Бытование традиций гуманизма в русской и польской лагерной литературе ХХ века

Мы нуждаемся в книгах, которые действовали бы на нас, как смерть кого-то, кто нам дороже всего в жизни.
Франц Кафка. Письмо Оскару Поллаку, 1904 г.

Одно из определений культуры гласит: культура - это способ передачи социального опыта. Социальный опыт, полученный человечеством в прошлом столетии, был тяжёл, почти невыносим. Никогда прежде люди не попадали в мясорубку мировых войн, не стояли на пороге ядерного конфликта, не опускались до ужасов холокоста. Невиданные доселе несчастья, которые мы навлекли на свою голову, весь стремительно меняющийся мир ХХ века - всё это показало нам, как хрупка наша жизнь, как легко каждый из нас может погибнуть, исчезнуть, кануть в небытие, ничего не оставив после себя. Всё это потребовало от нас иных способов говорения о мире и о себе, иного языка, посредством которого мы могли бы выразить себя, свою сущность, свои страхи и сомнения, свои надежды и чаяния, оставить себя в этом мире, противопоставить себя небытию. Для многих писателей таким, единственно подходящим способом говорения о себе и о мире становится литература факта, литература автобиографичная, документальная, нефикциональная. Никогда прежде не создавалось, не издавалось и не читалось столько дневников, мемуаров, воспоминаний, биографий и автобиографий.
Литература ХХ века в немалой своей части пессимистична. Она полна жестокости и отчаяния, одиночества и страха. Не удивительно, что ХХ век нередко называют веком смерти гуманизма. К примеру, в 1919 году была опубликована статья Александра Блока, которая называлась «Крушение гуманизма». Последовательная и неостановимая секуляризация гуманизма, которую с горечью отмечали многие философы, утрата представления о сакральности каких бы то ни было высших ценностей и идеалов привели к размыванию моральных и этических норм, к процессам постепенного распада и разложения личности, даже к оправданию этих тенденций, например, в постмодернистской парадигме. Сопутствующим явлением всего этого стали страшные социальные потрясения прошлого столетия.
Но чем громче звучали голоса тех, кто говорил о смерти гуманизма, тем живее и яростнее противостояли им те, кто старался утвердить его жизнь. В 1946 году, сразу после окончания самой страшной войны в истории человечества, Жан-Поль Сартр пишет своё знаменитое эссе «Экзистенциализм - это гуманизм». Работа Сартра ознаменовала смерть гуманизма в прежних его видах. Работа Сартра - это попытка вытащить гуманизм с того света, сделать всё, чтобы клиническая смерть гуманизма не стала его окончательной смертью. Стало ясно, что после величайшей бойни, унесшей миллионы жизней, говорить о гуманизме религиозном или светском не имеет смысла. Гуманизм стал анахронизмом. Но умер ли гуманизм? Или он по-прежнему существует в том, что мы создаем, живёт среди нас, так сказать, инкогнито? Попытаемся выяснить это, взяв для исследования, пожалуй, самые мрачные и безвыходные произведения литературы прошлого столетия.

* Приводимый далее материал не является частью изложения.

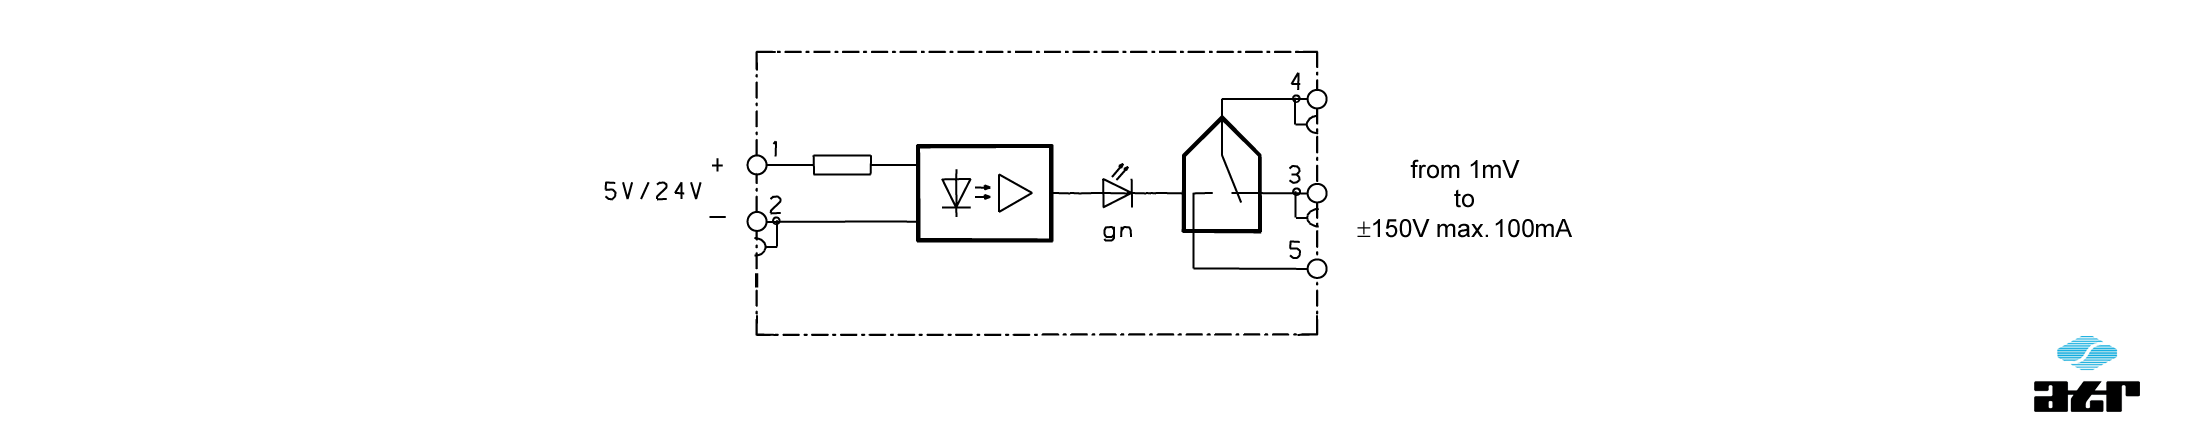 Anschlussplan: ATR Passiver Analogschalter OT10

Одной из наиболее объёмных частей литературного наследия ХХ века была нефикциональная литература, то есть такая литература, в которой автор ничего (или почти ничего) не придумывает, но описывает реальные события, опираясь на собственный опыт или документальные свидетельства. Очень часто нефикциональная литература - это литература, которую нельзя любить. В первую очередь, из-за её содержания. Можно сказать: «Я люблю „Войну и мир”, „Красное и Чёрное”, „Мастера и Маргариту”, „Тёмные аллеи”». Но сказать: «Я люблю „Колымские рассказы” Варлама Шаламова, „Записки врача” Викентия Вересаева или “У нас в Аушвице” Тадеуша Боровского», - не получается. Содержательная часть этих произведений столь тяжела, что повергает нас в трепет и ужас. Читая эти книги, мы приходим в состояние, в котором практически невозможно получать эстетическое наслаждение от формального совершенства упомянутых текстов. Можно ли назвать эти книги свидетельством смерти гуманизма, гуманистических традиций русской и мировой литературы? На первый взгляд, можно. Бесконечные, неисчислимые смерти, разбросанные повсюду на страницах «Колымских рассказов» Варлама Шаламова, «Чёрных камней» Анатолия Жигулина, «Крутого маршрута» Евгении Гинзбург, «Книжки о Колыме» Анатоля Краковецкого, «Другого мира» Густава Херлинга-Грудзинского, «Медальонов» Зофьи Налковской, «Прощания с Марией» Тадеуша Боровского, а главное - полное равнодушие при описании этих смертей, - всё это может быть признаком крайнего очерствения человека, причём не только и не столько конкретного человека, конкретного писателя, сколько человека вообще.
Классик лагерной литературы Варлам Шаламов не раз декларировал своё неприятие гуманистических принципов классической русской литературы, свой отход от этих принципов. Варлам Шаламов неоднократно заявлял о бесполезности и даже вредности гуманизма. Вот некоторые фрагменты писем и публицистических произведений автора «Колымских рассказов»:
« (...) я вижу именно в лагерной теме выражение, отражение, познание, свидетельство главной трагедии нашего времени. А трагедия заключается в том, как могли люди, воспитанные поколениями на гуманистической литературе, (...) прийти при первом же успехе к Освенциму, к Колыме» [1, с.580].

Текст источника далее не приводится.